В произведениях английского писателя Джона Уиндема, созданных в конце 50—60-х годов, уже возникает тема пробуждения и активизации женщин, предвестник подъема женского движения в ряде стран мира в конце 60-х годов. Главная героиня одного из лучших романов Уиндема «Беспокойство из-за лишайника» (1960) биохимик Диана Брэкли надеется преобразовать природу людей, наделив их бессмертием с помощью изобретенного ею препарата «антигерона». А в последней, вышедшей в свет через десять лет после смерти писателя книге «Паутина» (1980) отважнее и предприимчивее прочих оказывается молодая женщина-биолог Камилла Коуджент — ей удается приостановить нашествие на планету тропических пауков, претерпевших мутацию после натовских испытаний ядерного оружия. Действие романа происходит как раз в тех местах, где теперь добиваются запрещения опасных испытаний пацифистки из организации «Гринпис».
Уиндему и Азимову сопутствовала редкая удача при создании женских характеров в специфическом научно-фантастическом окружении. В произведениях других авторов женские образы по-прежнему оставались слабой тенью мужских при всей своей физической привлекательности. По мнению критиков (Дж. Бейли и др.), изображение фантастами человеческих отношений также продолжало страдать инфантильностью. И как ни парадоксально, снятие в середине 60-х годов «табу» с обсуждения темы секса в произведениях представителя английской «новой волны» американца Теодора Стерджена поначалу как бы послужило стимулом для создания более полнокровных женских образов. Именно тогда писатели-фантасты впервые начали уделять им более пристальное внимание.

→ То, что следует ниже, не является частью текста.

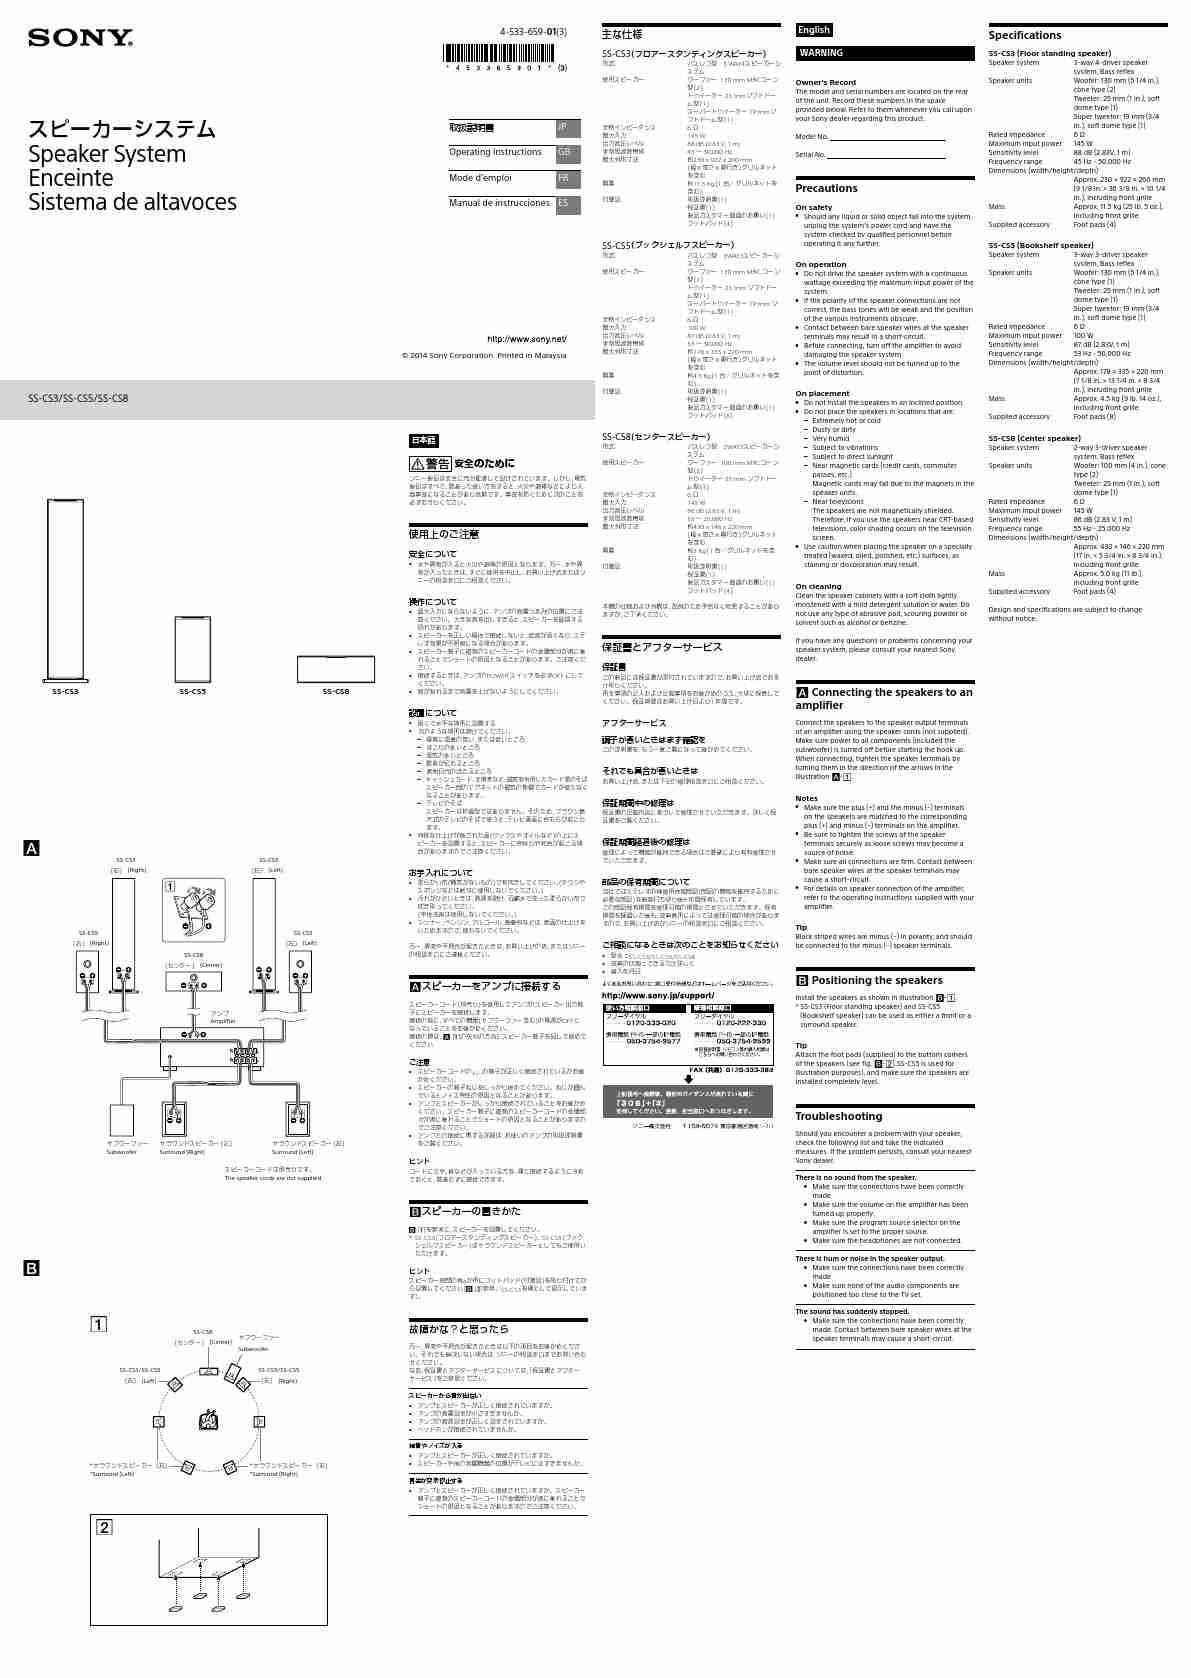 SONY SS-CS5-page_pdf

С конца 60-х годов в научной фантастике Запада стал заметно расти интерес к «женской» проблематике, в литературу пришло много новых авторов-женщин, родился новый тип героини. Американская писательница и критик Джоанна Расс нарекла 70-е годы Женским Возрождением в научной фантастике. Можно найти и лучший термин для обозначения усиливающейся творческой активности женщин, и хотелось бы избежать здесь уводящих от существа явления аналогий с эпохой Возрождения. Минувшее десятилетие в фантастике следовало бы назвать Открытием Женщины, декадой Нового Гуманизма или Человечества Братьев и Сестер. Это вернее бы говорило о происходившем.

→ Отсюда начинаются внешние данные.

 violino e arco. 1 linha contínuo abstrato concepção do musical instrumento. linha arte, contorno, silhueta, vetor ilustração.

Писатели 70-х годов видели основной стимул укрепления человечности прежде всего в любви, которая обрела еще большую ценность после «чисто сексуальных экспериментов» в литературе эпохи секс-революции, как иногда называют вторую половину 60-х годов. Так, атмосферой ожидания спасительной любви пронизано творчество многообещающего американского писателя Майкла Бишопа (романы «Немного известно», 1977; «Преобразования», 1979; рассказы об Атланте будущего). Исследованию тончайших оттенков любви, взаимного притяжения и отталкивания мужчины и женщины, подвигу строительства мировой гармонии в их союзе посвятила свой роман «Брачные союзы между Третьей, Четвертой и Пятой Зонами» (1980) известная английская писательница Дорис Дессинг, обратившаяся к фантастике в семидесятые годы. В самой научной фантастике супружеские писательские тандемы, основанные на принципе дополнительности видения мира, были закономерным явлением, Наиболее известные из них — авторы юмористических остросоциальных рассказов Кэтрин Мур и Генри Каттнер (совместный псевдоним — Льюис Пэджетт), «приключенцы» в американской фантастике Ли Брэкет и Эдмонд Гамильтон. В 70-е годы к ним добавилось еще несколько пар. Особенно заметен был дебют американцев Джин и Спайдера Робинсонов, живущих в Канаде, — роман «Звездный танец» (1979). Бывшей балерине Джин удалось наполнить его небывалыми для западной НФ танцевальными образами. Космический танец в невесомости героини романа Шейлы доносит до сознания инопланетян неукротимость человеческого духа и неутолимую тоску человека по общению.